When the user runs bear -- make on a system where LD_PRELOAD is not available (macOS with SIP, Windows) or not desired, Bear intercepts compiler invocations by placing wrapper executables on PATH ahead of the real compilers. The build system invokes the wrapper instead of the real compiler; the wrapper reports the execution to Bear and then forwards the call to the real compiler. The build completes normally and the user gets a compilation database without modifying the build system.

Implementation details

Activation

Wrapper mode is the default on macOS and Windows. On Linux it is available but not the default (preload mode is preferred because it intercepts all exec calls without needing to know compiler names in advance).

The user can force wrapper mode via the configuration file:

yaml
schema: "4.1"
intercept:
  mode: wrapper

There is no CLI flag for mode selection -- it is configuration-only.

Setup phase

When Bear starts, before launching the build command:

  1. Discovers compilers: Bear scans the process environment for compiler variables (CC, CXX, CPP, FC, AR, AS, RUSTC, and others -- the full list matches Make implicit variables and Cargo program keys). For each variable, if the value is a bare name (e.g. CC=gcc), Bear resolves it to an absolute path via PATH lookup (which). If the value is already an absolute path, it is used directly. When no compiler env vars are set and no explicit compiler list is provided via configuration, Bear also scans PATH for known compiler names and creates wrappers for those found.

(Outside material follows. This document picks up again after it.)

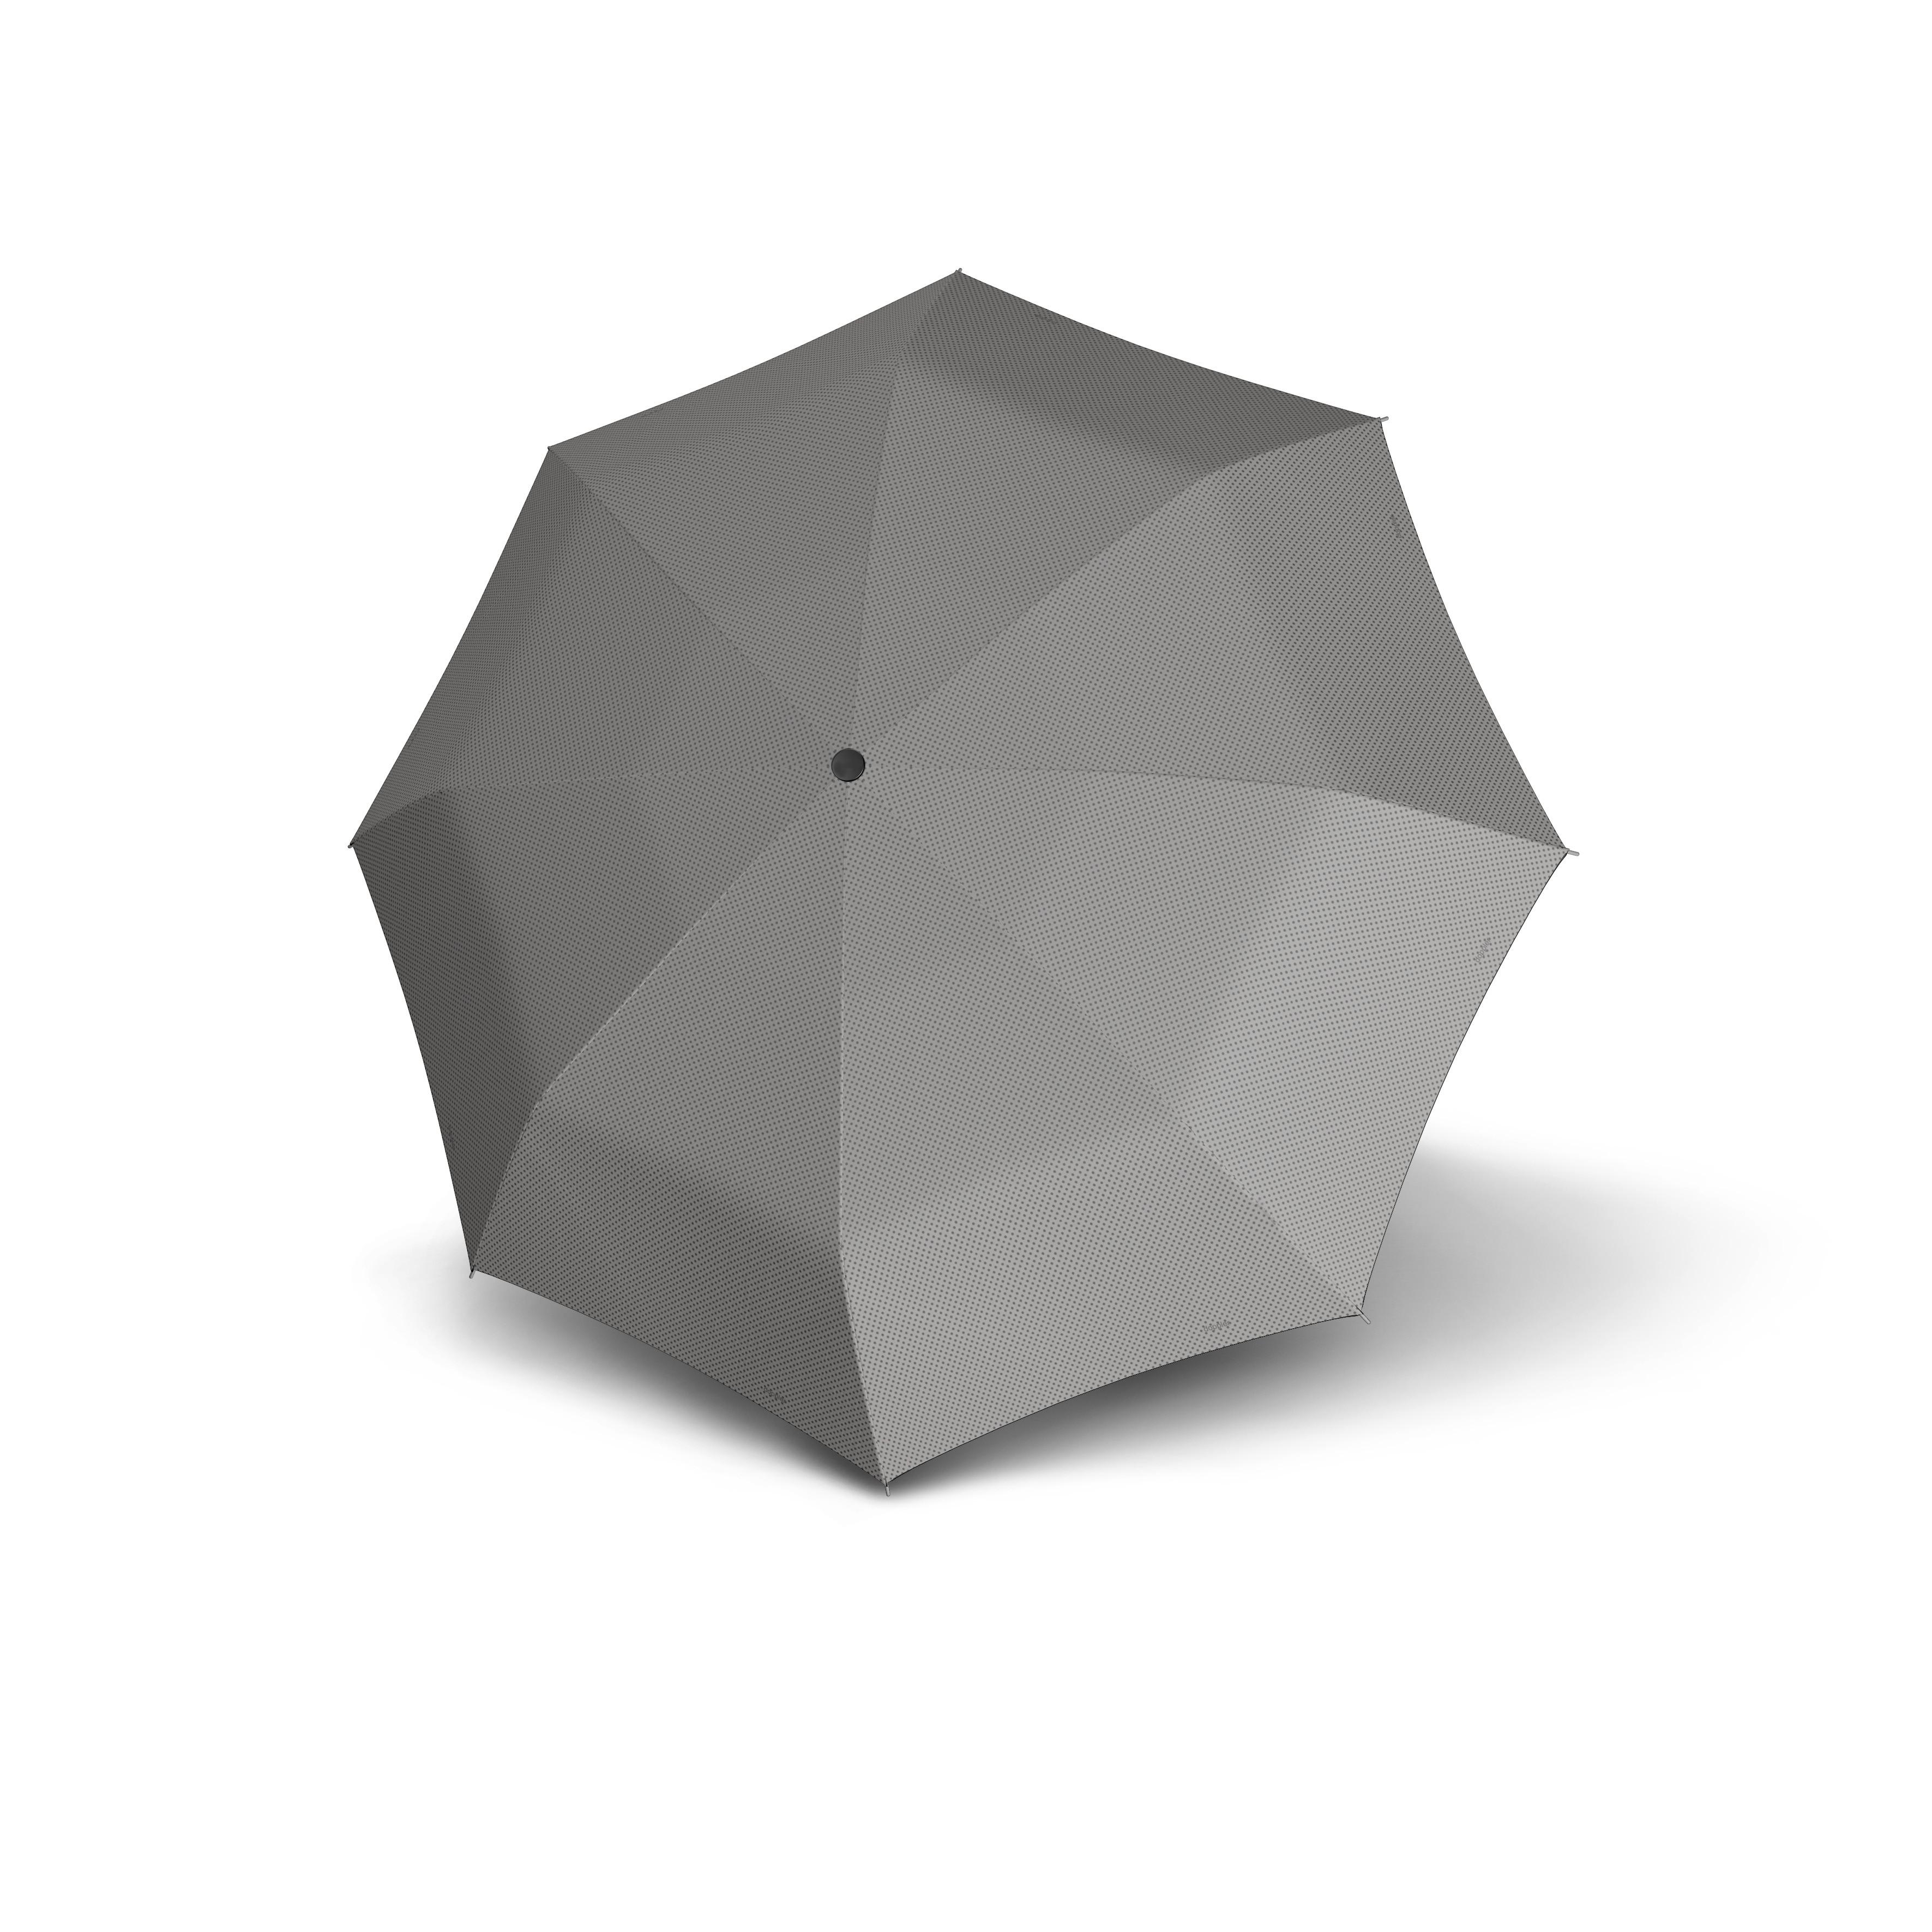 Šedý skládací mechanický dámský deštník Bruan

  2. Creates a wrapper directory: Bear creates a .bear/ directory in the current working directory. This directory is deterministic (not a random temp dir) so that paths baked into Makefiles during bear -- ./configure survive across separate bear -- make runs.

  3. Creates wrapper executables: For each discovered compiler, Bear creates a hard link in .bear/ pointing to the bear-wrapper binary. For example, .bear/gcc is a hard link to bear-wrapper. If hard linking fails (e.g. on overlay filesystems in containers), Bear falls back to a file copy. On Windows, copies are always used.

  4. Writes a configuration file: Bear writes .bear/wrappers.cfg containing the mapping from wrapper names to real compiler paths and the TCP collector address.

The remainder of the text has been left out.